2.2 listcomps / genexps

my_list = [x**2 for x in range(0, 10)]        # list comprehension
my_tuple = tuple(x**2 for x in range(0, 10))  # generator expression

import array
# Both OK; "I" for unsigned int. See https://docs.python.org/3/library/array.html
my_array_1 = array.array("I", (i**2 for i in range(0, 10)))  # generator expression
my_array_2 = array.array("I", [i**2 for i in range(0, 10)])  # list comprehension

N.B. my_tuple above is NOT a good example of generator because actually (x**2 for x in range(0, 10)) is indeed a generator expression and returns a generator. The code of my_tuple above is NOT equal to:

my_gen = (x**2 for x in range(0, 10))  # OK. my_gen is a generator object

my_tuple = tuple(my_gen)   # OK, but my_tuple == ()
my_tuple = tuple(*my_gen)  # Syntax Error

so tuple(x**2 for x in range(0, 10)) is actually a special constructor of tuple. You cannot construct a tuple from a generator object manually.
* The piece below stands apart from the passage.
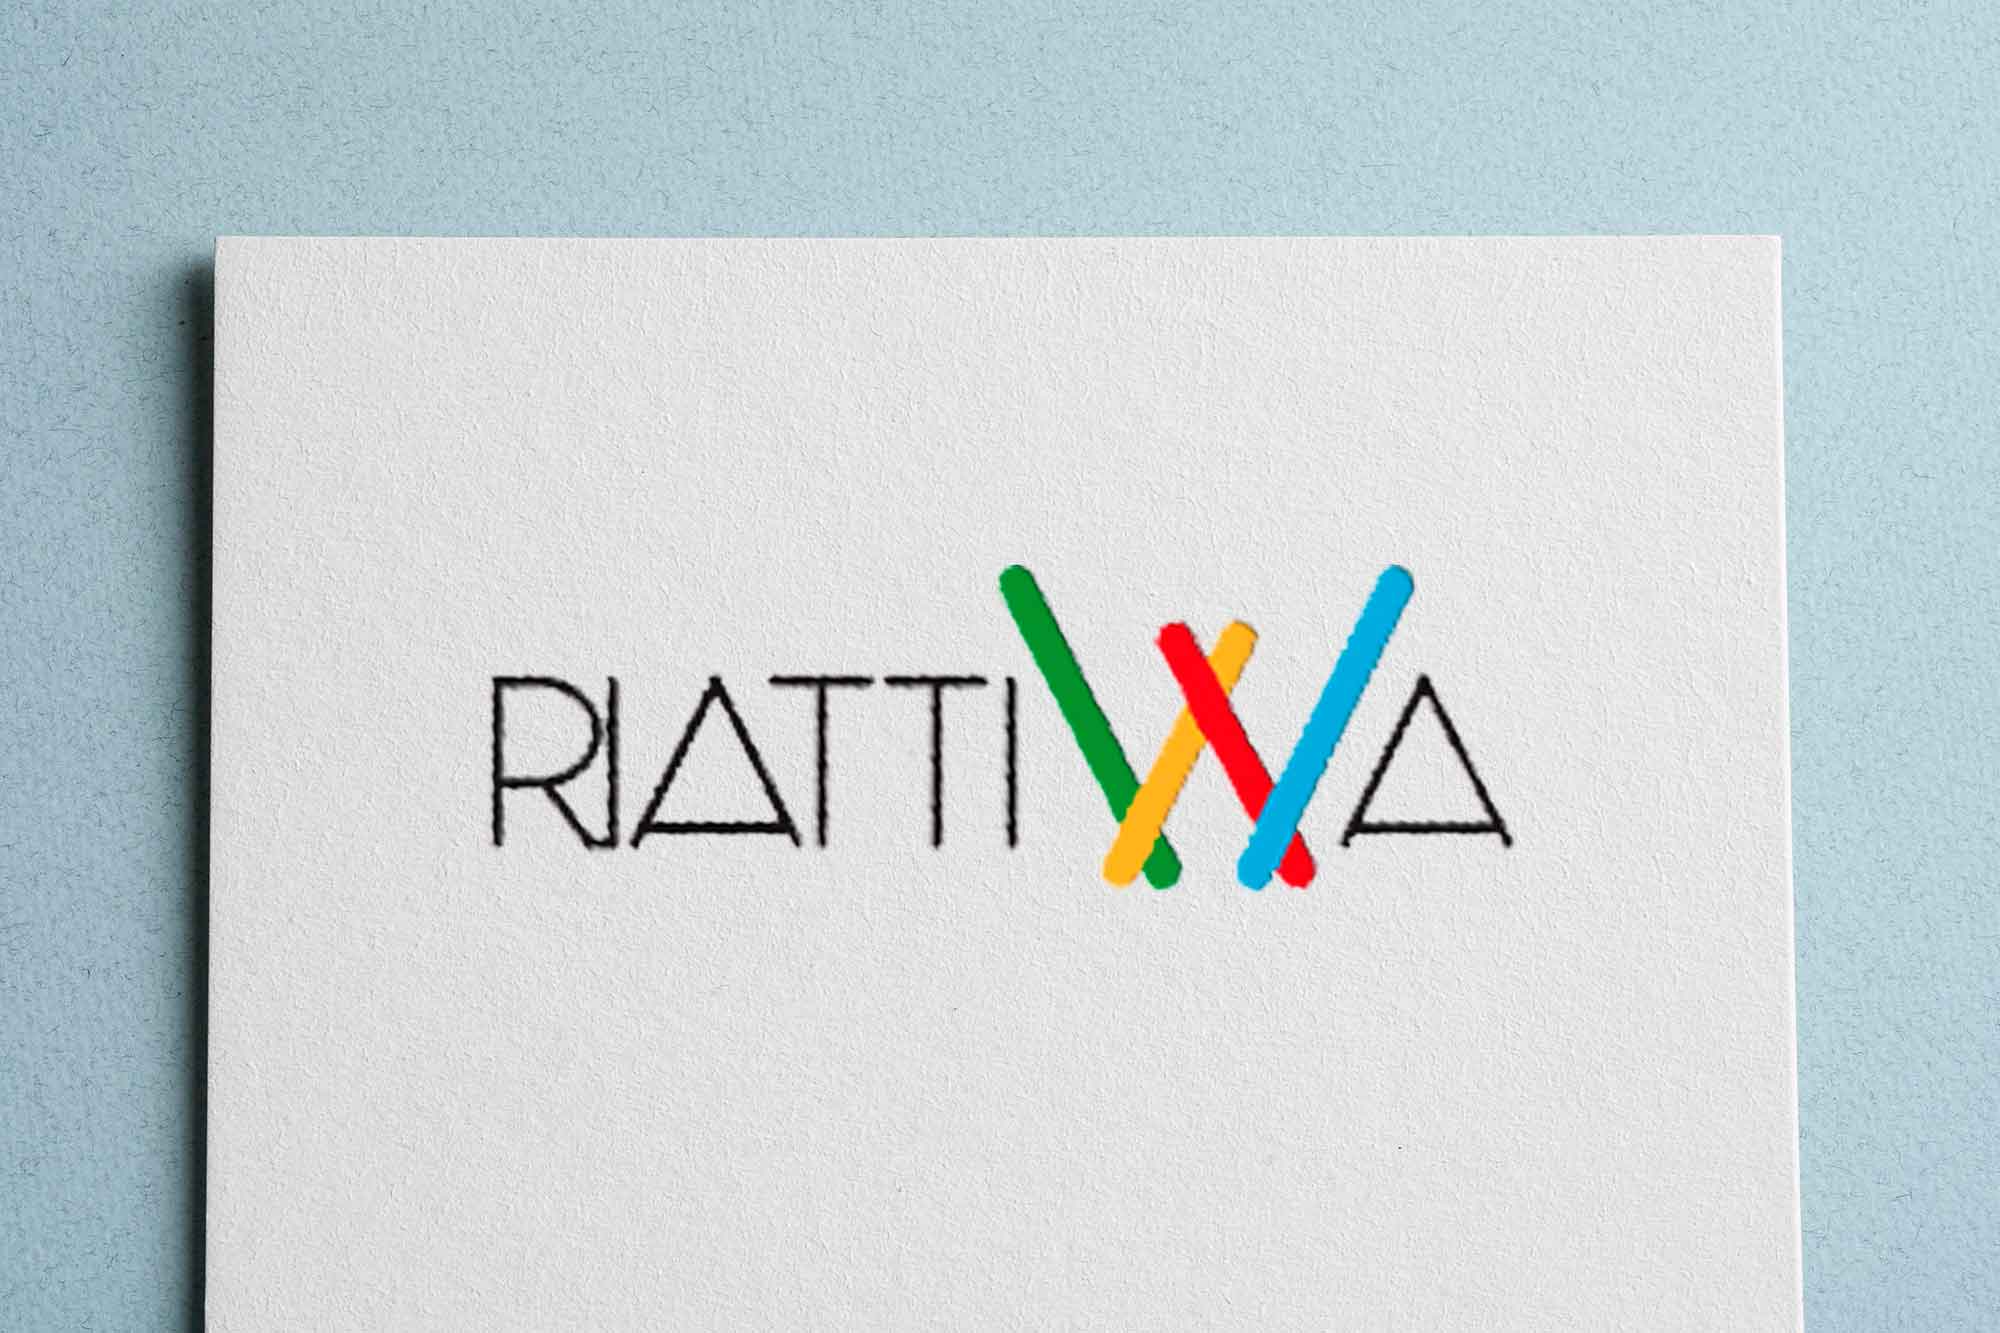 riattiwa-recupero urbano-chiara rango-web and book

To better understand generators, please read:

2.3 Tuples Are Not Just Immutable Lists

2.3.1 Tuples as Records

point_a = (-1, 1)
point_b = (2, 3)

2.3.2 Tuple Unpacking

point_a = (-1, 1)
x_a, y_a = point_a

print(x_a)  # -1
print(y_a)  # 1

An elegant application of tuple unpacking is swapping the values of variables without using a temporary variable:

b, a = a, b

2.3.3 Nested Tuple Unpacking

top_left, top_right, bottom_left, bottom_right = (0, 1), (1, 1), (0, 0), (1, 0)
square = (top_left, top_right, bottom_left, bottom_right)
(top_left_x, top_left_y), (top_right_x, top_right_y) = square[0:2]

Note that: square[0:2] == ((0, 1), (1, 1)) while square[0] == (0, 1) not ((0, 1)). In fact, python will evaluate ((0, 1)) as (0, 1).

2.3.4 `namedtuple`

The collections.namedtuple(typename, field_names) is a factory function that produces subclasses of tuple named typename and enhanced with accessibility via field_names. 一般的用法是：

import collections

Point = namedtuple('Point', ['x', 'y'])
p_a = Point(0, 1)

print(p_a.x)	# 0
print(p_a[1])	# 1

为啥要 typename = namedtuple(typename, ...)？这是因为这个 “subclasses of tuple named typename” 是在它 constructor 内部的一个临时 namespace 创建的 (通过 exec)，然后这个 subclass typename 的实体会被 constructor 返回，但是它的 name — 也就也是 typename — 并不会随着 return 被带到 constructor 所在的 namespace。我们在外部再赋值一下，主要是为了保持一致，使得这个 subclass 的 name 不管是在它创建的临时 namespace 里还是当前的 namespace 里都叫 typename，避免产生不必要的误解。当然，你写成 Bar = namedtuple('Foo', ...) 是合法的，是没有问题的。

更多内容可以参见：

2.4 Slicing

在 2.1 我们讲过，所有的 sequence type 都支持 “iteration, slicing, sorting, and concatenation”.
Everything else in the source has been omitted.